The GAMPL Procedure

Computational Method: Multithreading

Threading is the organization of computational work into multiple tasks (processing units that can be scheduled by the operating system). Each task is associated with a thread. Multithreading is the concurrent execution of threads. When multithreading is possible, you can realize substantial performance gains compared to the performance you get from sequential (single-threaded) execution.
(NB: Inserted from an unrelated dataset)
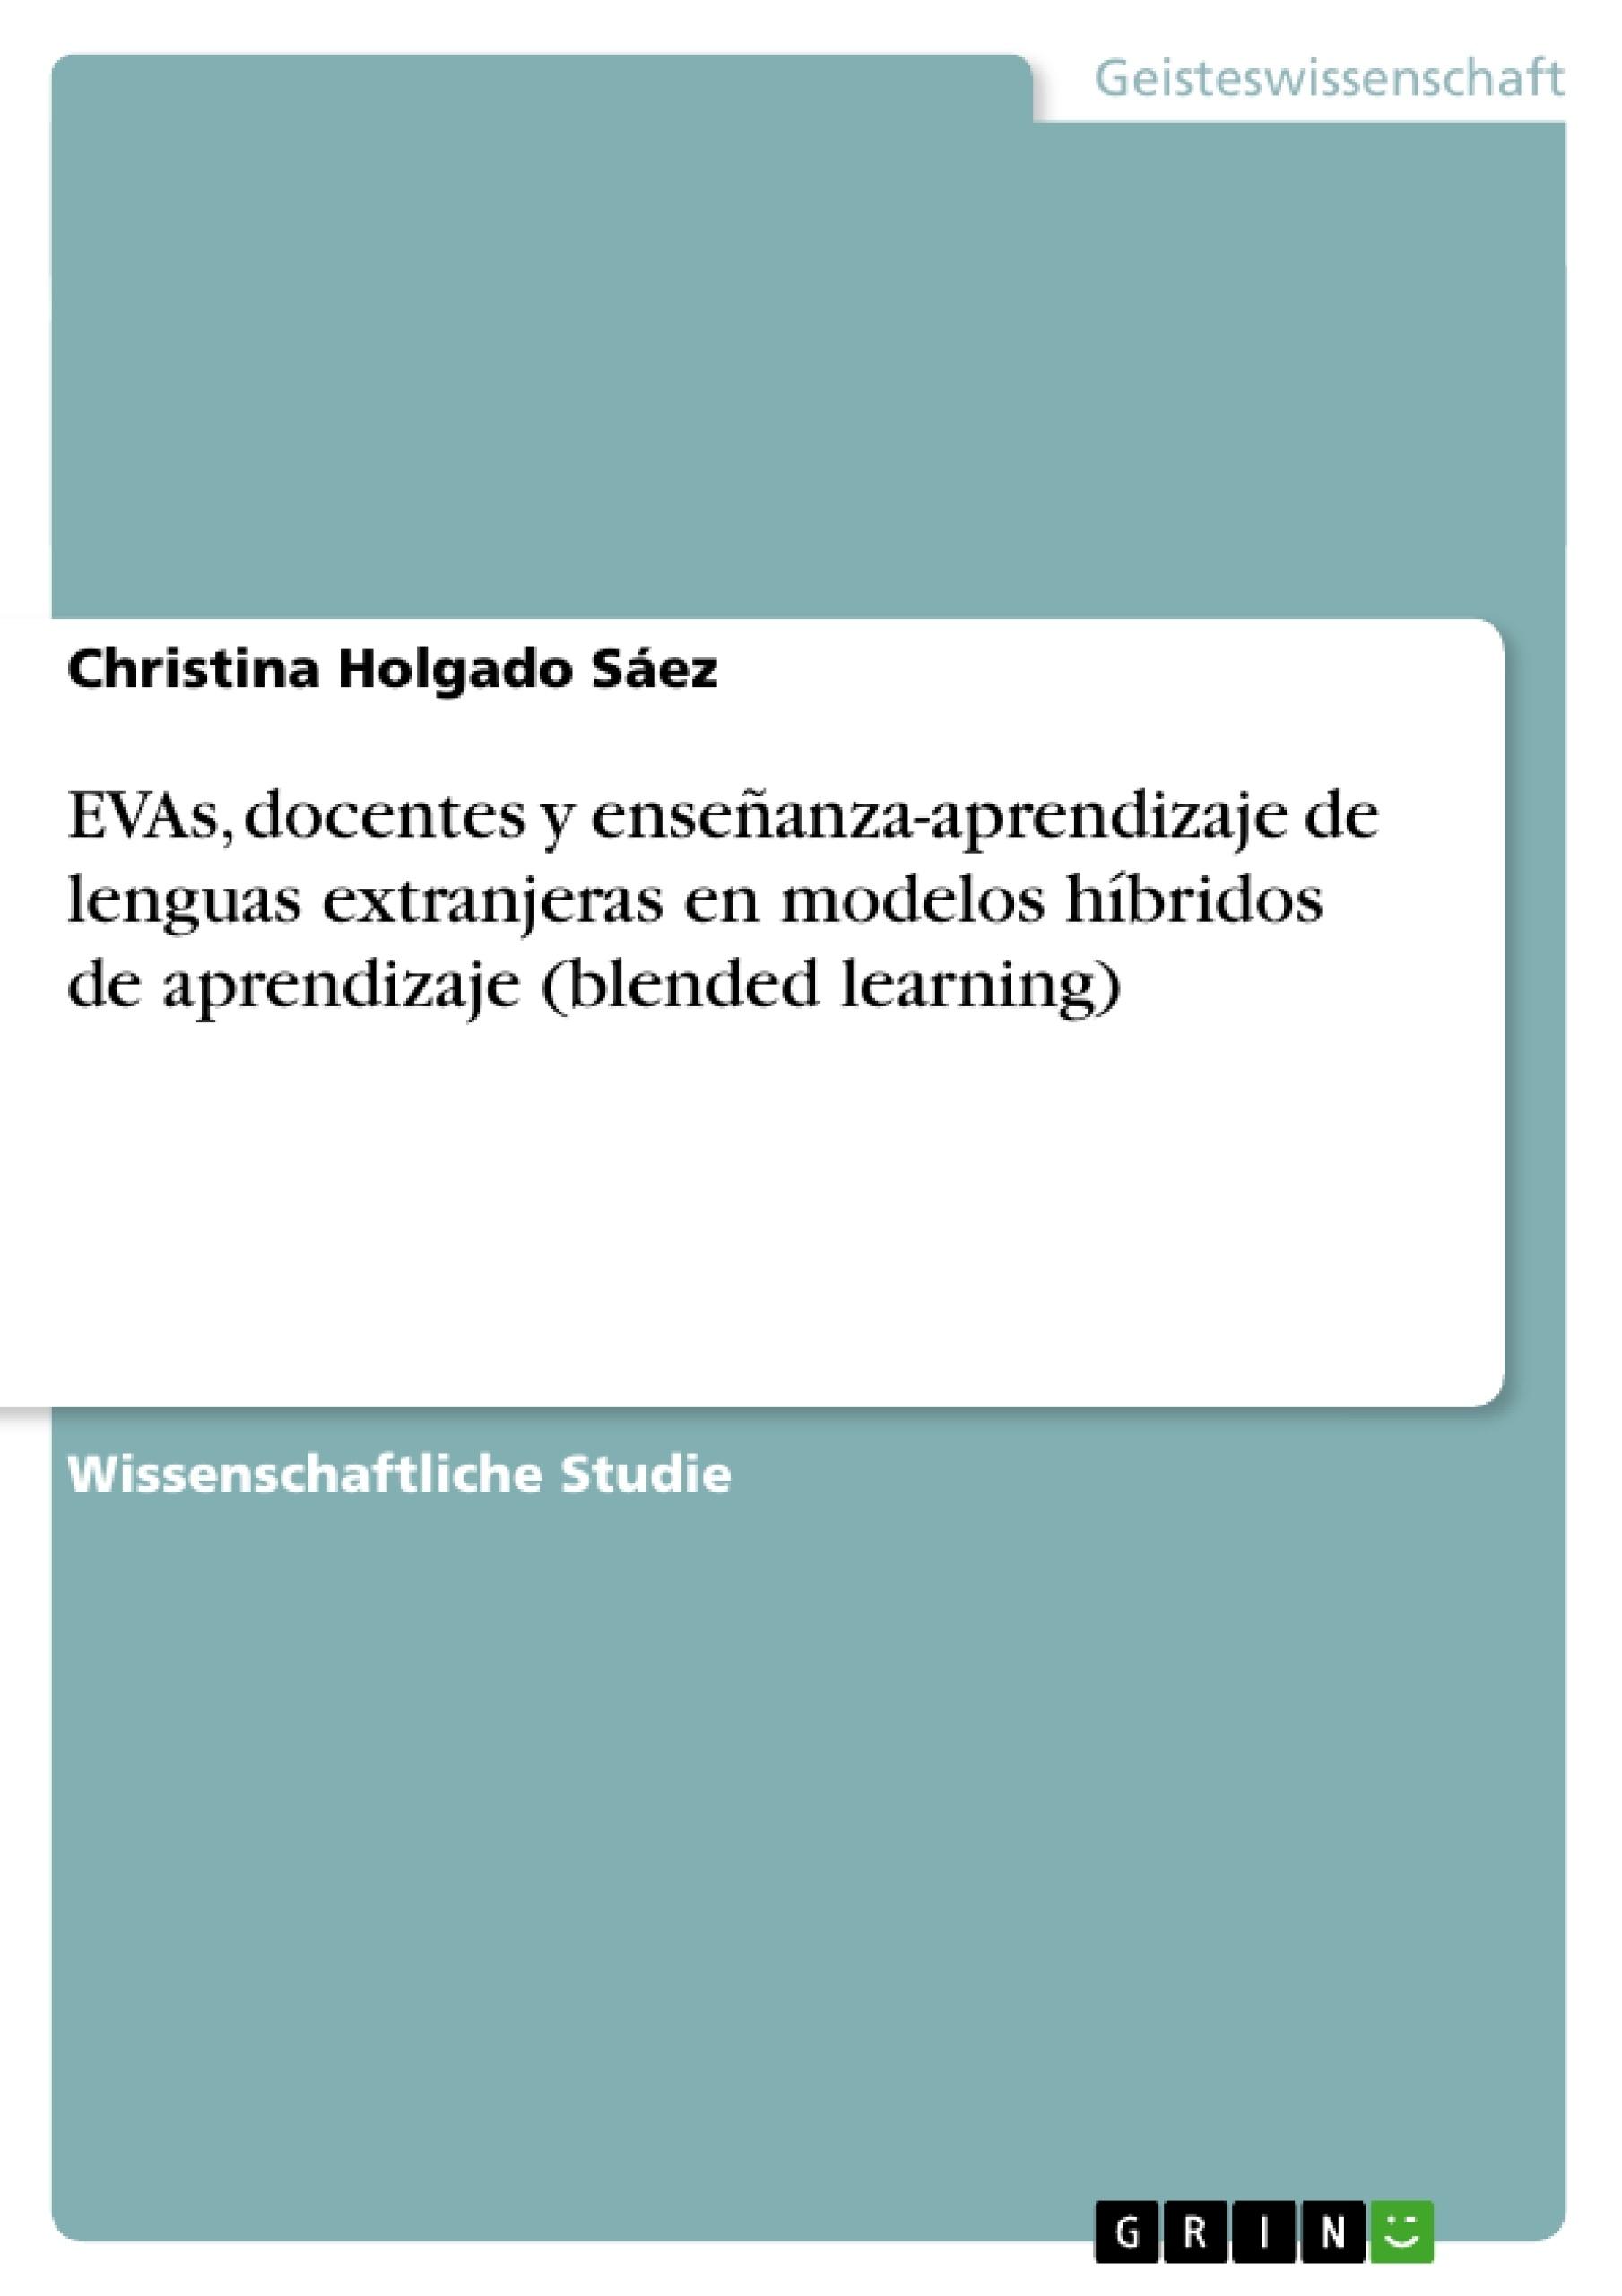 Titel: EVAs, docentes y enseñanza-aprendizaje de lenguas extranjeras en modelos híbridos de aprendizaje (blended learning)

The number of threads that the GAMPL procedure spawns is determined by the number of CPUs on a machine and can be controlled in the following ways:

  • You can specify the number of CPUs in the CPUCOUNT= SAS system option. For example, if you specify the following statement, the GAMPL procedure determines threading as if it were executing on a system that had four CPUs, regardless of the actual CPU count:

    options cpucount=4;
    
  • You can specify the NTHREADS= option in the PERFORMANCE statement to control the number of threads. This specification overrides the CPUCOUNT= system option. Specify NTHREADS=1 to force single-threaded execution.

The GAMPL procedure allocates one thread per CPU by default.

The tasks that are multithreaded by the GAMPL procedure are primarily defined by dividing the data that are processed on a single machine among the threads—that is, the GAMPL procedure implements multithreading through a data-parallel model. For example, if the input data set has 1,000 observations and PROC GAMPL is running with four threads, then 250 observations are associated with each thread. All operations that require access to the data are then multithreaded. These operations include the following:

  • variable levelization

  • effect levelization

  • formation of the initial crossproducts matrix

  • truncated eigendecomposition

  • formation of spline basis expansions

  • objective function calculation

  • gradient calculation

  • Hessian calculation

  • scoring of observations

  • computing predictions for smoothing component plots

In addition, operations on matrices such as sweeps can be multithreaded if the matrices are of sufficient size to realize performance benefits from managing multiple threads for the particular matrix operation.